Book (ARC) review: The Silence in her Eyes by Armando Lucas Correa

Wednesday, January 17, 2024 Permalink

I bookmarked the opening sentences of The Silence in her Eyes by Armando Lucas Correa.

On my eight birthday, the world came to a standstill. My mother’s face became a portrait of pain. My father’s face vanished forever.

The story is narrated by Leah, a woman with akinetopsia – or motion blindness. She explains that images stay with her, like photographs. Then she blinks and there’s a new image. It impacts on the way her story unfolds, the way Correa describes her world, what she sees and what she perceives.

Book (ARC) review: The Silence in her Eyes by Armando Lucas CorreaThe Silence in Her Eyes
by Armando Lucas Correa
Published by Simon & Schuster Australia
on 31/01/2023
Source: Simon & Schuster
Genres: Thriller / Suspense
ISBN: 9781761424427
Pages: 272

Leah has been living with akinetopsia, or motion blindness, since she was a child. For the last twenty years, she hasn’t been able to see movement. As she walks around her upper Manhattan neighborhood with her white stick tapping in front, most people assume she’s blind. But the truth is Leah sees a good deal, and with her acute senses of smell and hearing, very little escapes her notice.

She has a quiet, orderly life, with little human contact beyond her longtime housekeeper, her doctor, and her elderly neighbor. That all changes when Alice moves into the apartment next door and Leah can immediately smell the anxiety wafting off her. Worse, Leah can’t help but hear Alice and a late-night visitor engage in a violent fight. Worried, she befriends her neighbor and discovers that Alice is in the middle of a messy divorce from an abusive husband.

Then one night, Leah wakes up to someone in her apartment. She blacks out and in the morning is left wondering if she dreamt the episode. And yet the scent of the intruder follows her everywhere. And when she hears Alice through the wall pleading for her help, Leah makes a decision that will test her courage, her strength, and ultimately her sanity.

Leah’s world is small and she’s mostly content for it to stay that way, although hoping one day for love and a family. And, of course, for her condition to be reversed. Her mother has recently died when we first meet Leah and she’s reluctant to receive sympathy, preferring to get on with life. But her predictable world is interrupted by the arrival of Alice.
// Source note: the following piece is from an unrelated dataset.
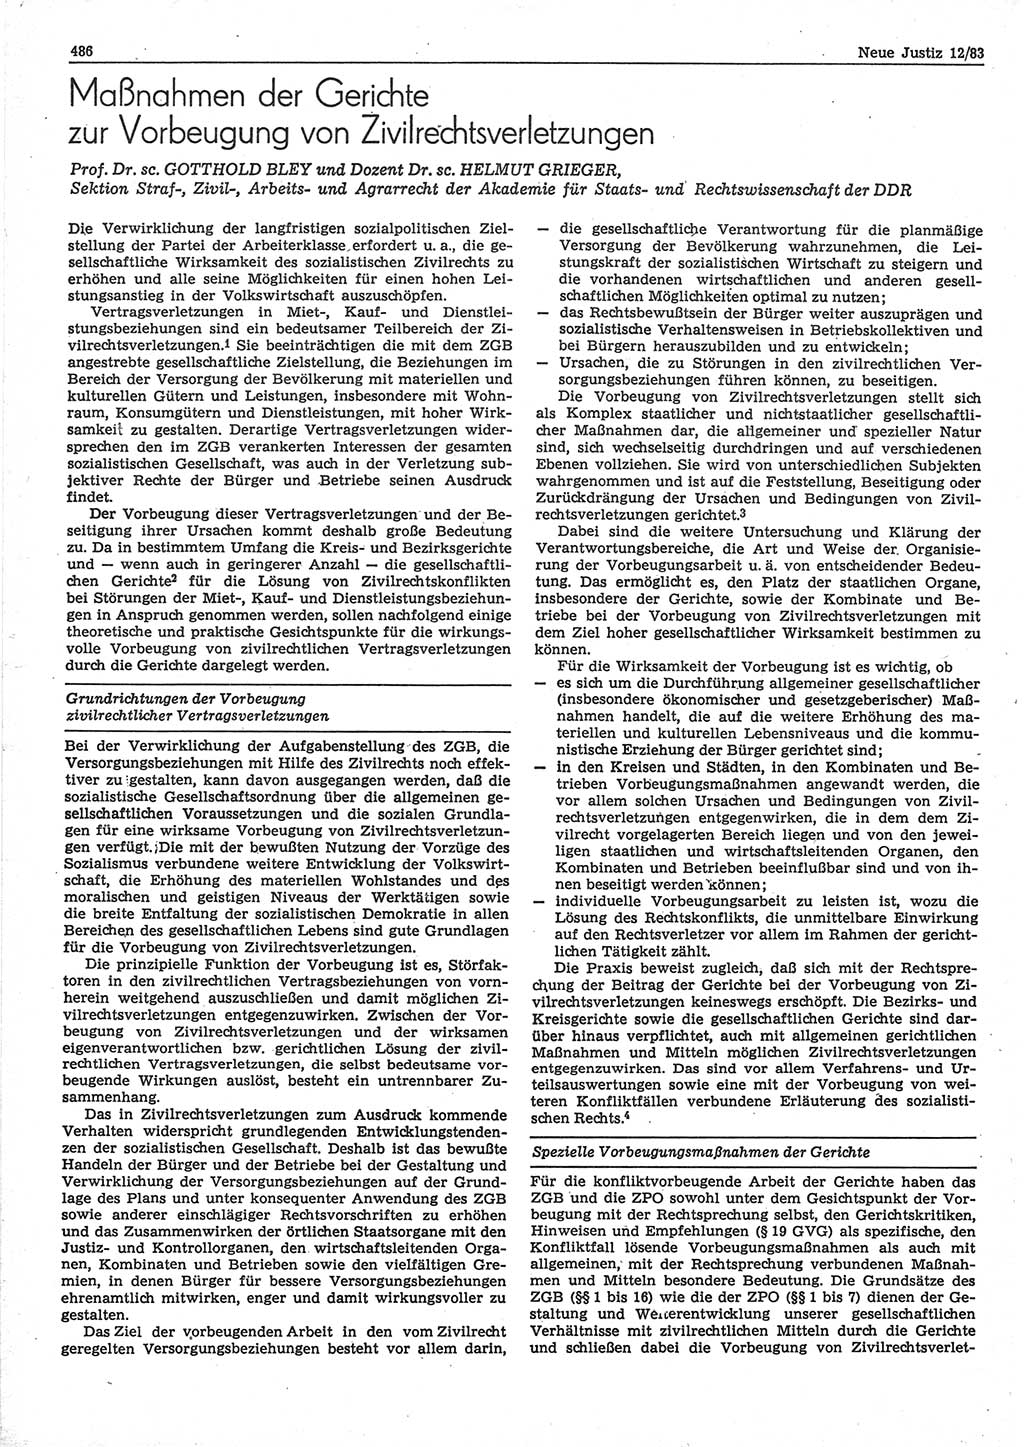 Neue Justiz (NJ), Zeitschrift für sozialistisches Recht und Gesetzlichkeit [Deutsche Demokratische Republik (DDR)], 37. Jahrgang 1983, Seite 486 (NJ DDR 1983, S. 486)

As this all unfolds from Leah’s point of view our only insight into her is through the way she sees the world, and the way others respond. Antonia, who’s cared for Leah much of her life expresses concern at times and there’s a sense of something lurking just beneath the narrative. We know that there was a tragedy attached to Leah’s father’s death but don’t know what for much of the novel. It’s linked to Leah’s motion-blindness… the cause, we assume. But there are occasional references to other incidents or stressful periods, that required Leah’s mother to devote her life to caring for her daughter.

Alice piques Leah’s interest and her arrival coincides with a sense she’s being watched or there’s a threat lurking in some way so she assumes it to be related. She likes the idea of being Alice’s confidante and saviour, someone depending on her rather than the reverse (which it’s been for much of her life).

What I assumed to be the climax comes a little earlier than expected. Which of course means the story isn’t done and the direction in which Correa takes this upped the ante for me. Before that it felt a little slow and predictable. We assume Alice is scamming Leah or ‘using’ her – there are far too many coincidences and unanswered questions. And in some ways what we expect comes to fruition, but then Correa throws in a huge curve ball. Like… massive and this book becomes something quite different. And – for me – it ends on that high. With shock or surprise still registering and leaving us perhaps a little breathless.

The Silence in her Eyes by Armando Lucas Correa will be published in Australia by Simon & Schuster in late January 2024.

I received an advance copy of this book from the publisher for review purposes.